NewsBite

Advertisement

The Liberals had a plan to court Chinese Australians. Then they blew it up

By Kieran Rooney and Rachel Eddie

The Coalition spent three years trying to regain the trust of Chinese-Australian voters in crucial seats in Sydney and Melbourne. But everything fell apart in a matter of minutes.

Speaking on Channel Seven’s Sunrise program on the Wednesday before the election, Senator Jane Hume warned of “Chinese spies” handing out how-to-vote cards. Her comments were triggered by reports in this masthead that an association allegedly linked to the Chinese Communist Party had organised campaigners for a teal MP and a Labor MP, before the latter rejected the arrangement.

Jane Hume’s comments about “Chinese spies” eroded the trust of the Chinese migrant community towards the Liberal Party.

Jane Hume’s comments about “Chinese spies” eroded the trust of the Chinese migrant community towards the Liberal Party.Credit: Dominic Lorrimer

Hume’s team insists her comments are only related to the Hubei Association, and in a statement Hume told this masthead the Electoral Integrity Assurance Taskforce was still investigating the issue.

But the damage was done, say Liberal insiders, who now believe the fallout from the senator’s comments, and Labor’s move to capitalise on them, were instrumental in the Coalition losing support from voters in the Chinese diaspora.

Labor senator Penny Wong responds to Hume’s remarks in a video aimed at Chinese Australians.

Labor senator Penny Wong responds to Hume’s remarks in a video aimed at Chinese Australians.Credit: Rednote

The battle to win over this community, a campaign within a campaign, ultimately collapsed and became emblematic of the broader failures within the Coalition election pitch.

This masthead spoke to 10 Liberal and Labor sources, who had differing opinions on the effectiveness of the Liberal Party’s three-year strategy to reconnect with the 1.4 million members of the Chinese-Australian community.

But they all agreed the strategy fell apart as clips of the Sunrise interview were shared to WeChat, the Chinese social media app, and Labor senator Penny Wong posted her own video attacking Hume’s comments. One Labor MP said Wong’s video immediately began popping up in conversations with Chinese Australians in Melbourne.

The video was seen 500,000 times in 24 hours in the last week of the campaign.

Advertisement

“We’ve seen this before from the Liberal Party. Why is it that the Liberal Party continues to question the loyalty of Chinese Australians?” Wong said in the video.

“We all remember how Peter Dutton weaponised the relationship with China.

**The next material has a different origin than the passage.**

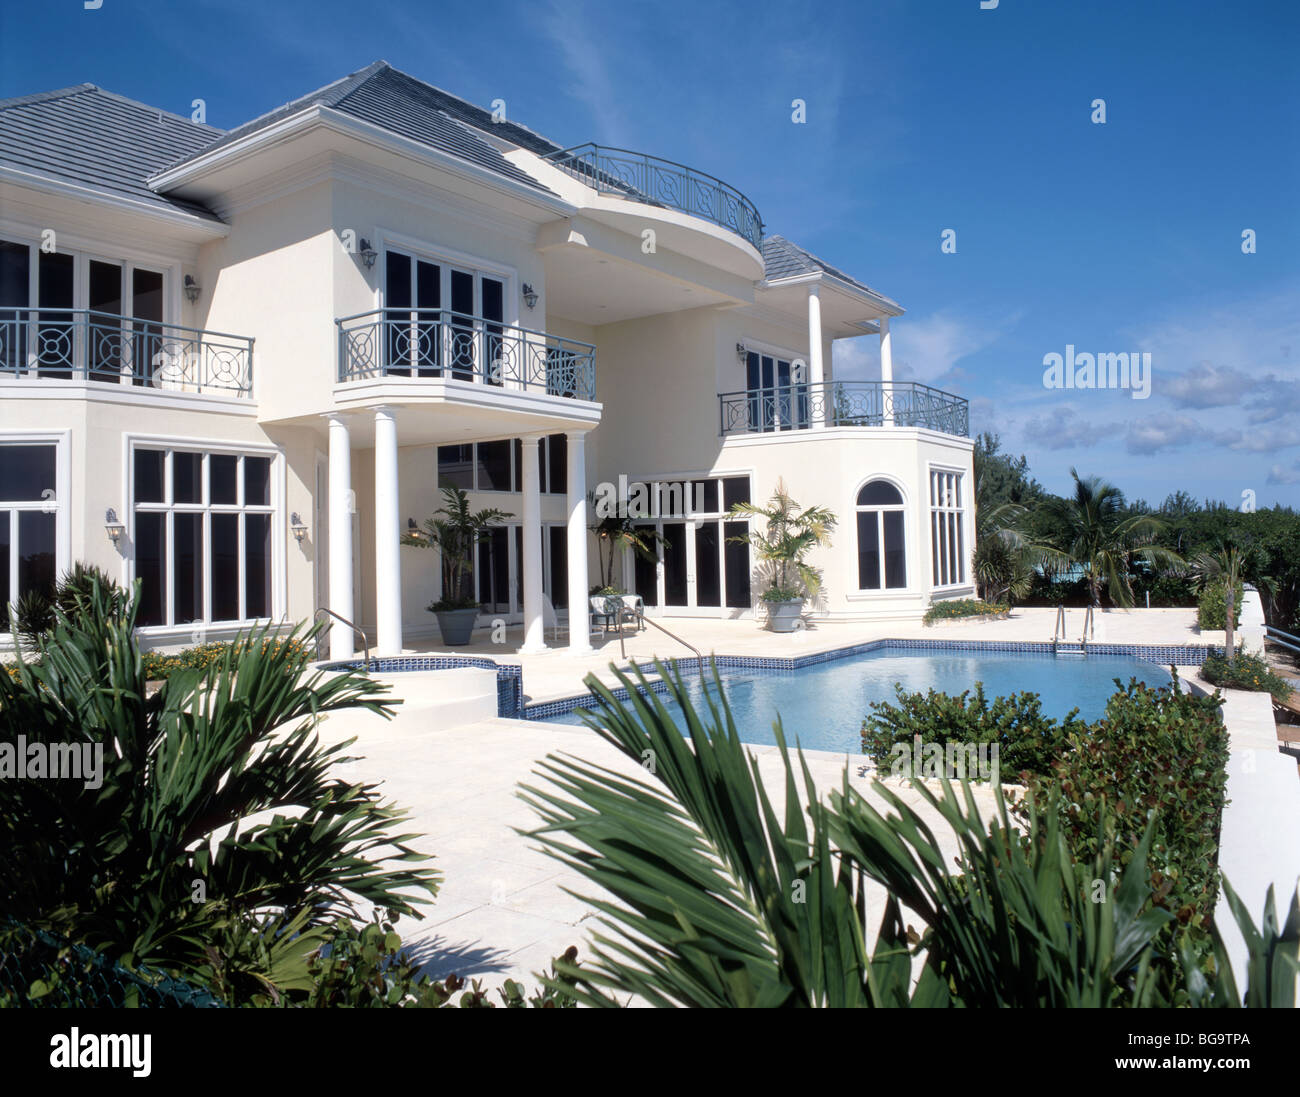 Maison de luxe avec piscine, Grand Cayman, Cayman Islands, Caribbean Banque D'Images

He didn’t care about the consequences for us, for our communities.

Peter Dutton and Scott Morrison in 2023. Sources say the Liberal Party has been unable to shake the perception it is anti-China.

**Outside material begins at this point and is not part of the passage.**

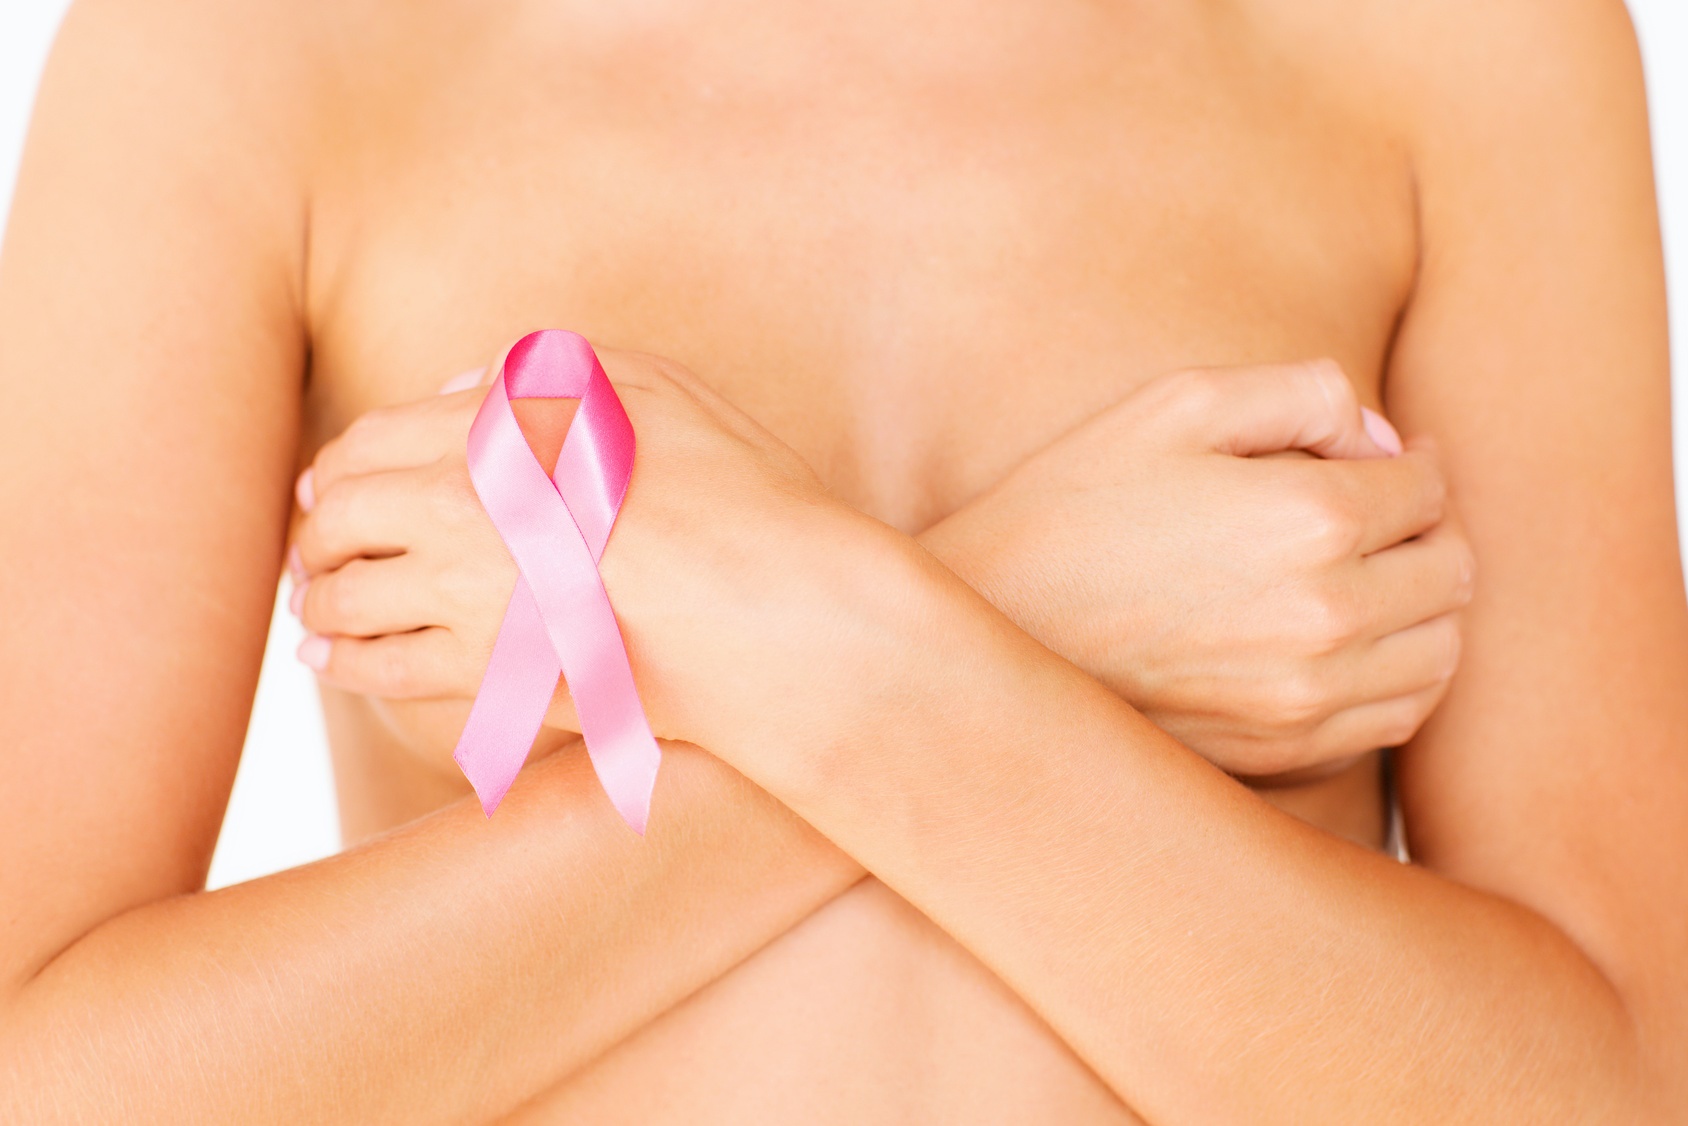 Καρκίνος του μαστού: Η απεικόνιση εντοπίζει ασθενείς που είναι απίθανο να ωφεληθούν από την ορμονική θεραπεία

Peter Dutton and Scott Morrison in 2023. Sources say the Liberal Party has been unable to shake the perception it is anti-China.Credit: Alex Ellinghausen

“Now he wants your vote, he says something different. But Chinese Australians know what Peter Dutton is like.

“While mountains and rivers can be changed, one’s nature is difficult to alter.”

This proverb, spoken in Mandarin, is now haunting the Liberals as they seek to alter their nature into a party that can again win elections.

Key to this is reconciling how a community that is crucial to the Coalition’s electoral chances has swung against it in several crucial seats in the past two federal elections.

The Liberals’ Keith Wolahan lost his seat of Menzies, in Melbourne’s eastern suburbs.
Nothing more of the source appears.